Youth unemployment in the UK has risen sharply as a result of the Covid crisis. Official statistics show there are nearly half a million fewer young people in work than a year ago. More than half of under-25s have been furloughed or lost their jobs.
Pre-Covid, apprenticeships were already high on the national agenda. But there has been a big reduction in apprenticeship starts since the start of the pandemic (65% down among smaller employers). As the economy recovers, reviving apprenticeships is seen by the UK Government as a key mechanism for opening up access to employment and skills for young people who have been hardest hit by the economic impact of the pandemic.
A long-awaited Skills White Paper has now been published at the heart of which is an agenda for achieving parity between technical vocational education and academic learning. This has been a longstanding stated national policy objective, but will it be backed up by investment and political will? From a European perspective, the UK government decision to pull out of the Erasmus programme and then not even attempt to include any vocational training mobilities in its rushed and ill-thought through replacement, the so-called “Turing scheme”, doesn’t inspire confidence.

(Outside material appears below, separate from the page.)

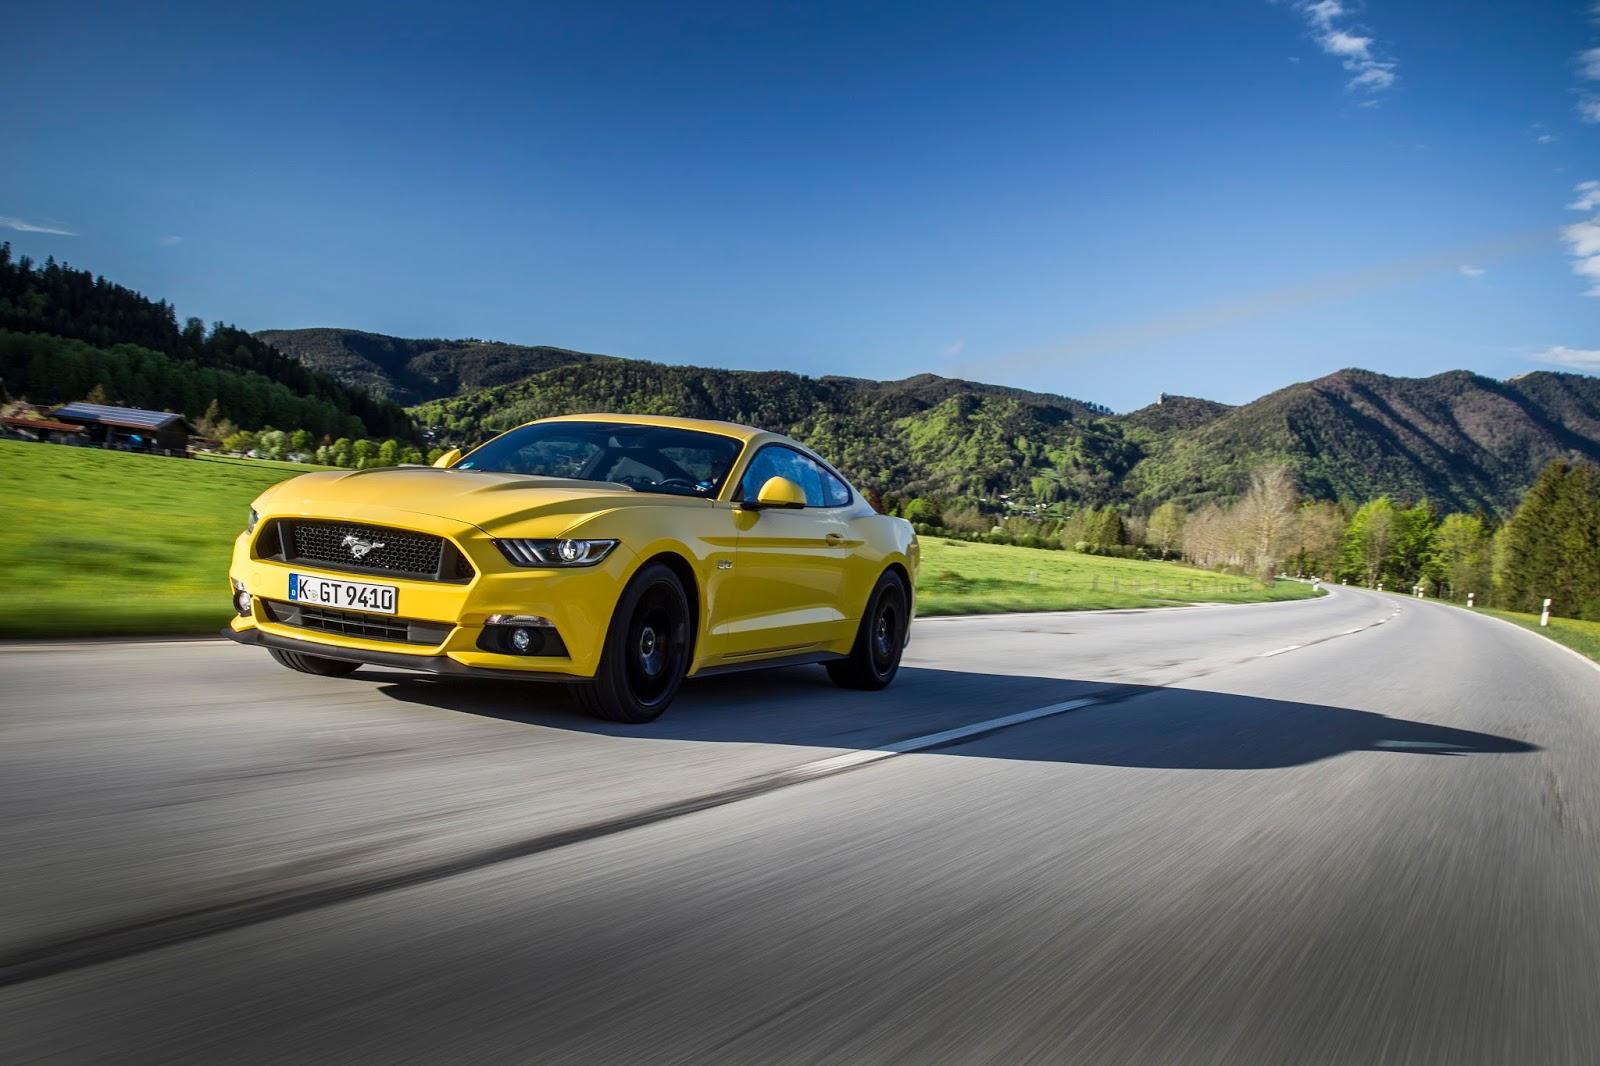 FordMustang Fastback Yellow 01 Δες το τετρακίνητο Ford Focus RS και την νέα Mustang παρέα με όλα τα Ford στην έκθεση αυτοκινήτου 2015

But, certainly resources are being focused nationally on the apprenticeship programme. And in the Spring budget two new relatively small-scale investments were announced to support more young people from under-represented and disadvantaged communities into apprenticeships. The existing incentive scheme which offers employers a payment per hire has been increased in value, but most importantly for the creative sector, a new ‘flexi-apprenticeship’ programme will start in January 2022, which will allow apprentices to work for a number of different employers in the same sector. This will make it easier for seasonal, project-based and small-scale employers in creative sectors such as crafts, performing arts, music, visual arts and design to come together and offer a range of skills and work contexts within a single apprenticeship. A fund has been created so that employers can team up to create an agency in order to offer “modular” Apprenticeships encompassing a range of roles with different employers in one sector. This agency approach has been advocated and welcomed by the creative sector support organisation, Creative and Cultural Skills, as mentioned in their Case Study interview in the P4CA UK Country Report.
This is good news and represents an innovative model. But at a time when whole swathes of the cultural/creative economy have been ravaged by the pandemic, the fundamental issue remains, for a sector that is, in many areas, dominated by micro employers, freelancers, temporary/seasonal contracts. Is the national apprenticeship model resourced and adapted to the real needs and dynamic potential of the creative economy, or are there still simply too many barriers in the system that will continue to prevent creative employers from taking on apprenticeships at the scale achieved in other sectors?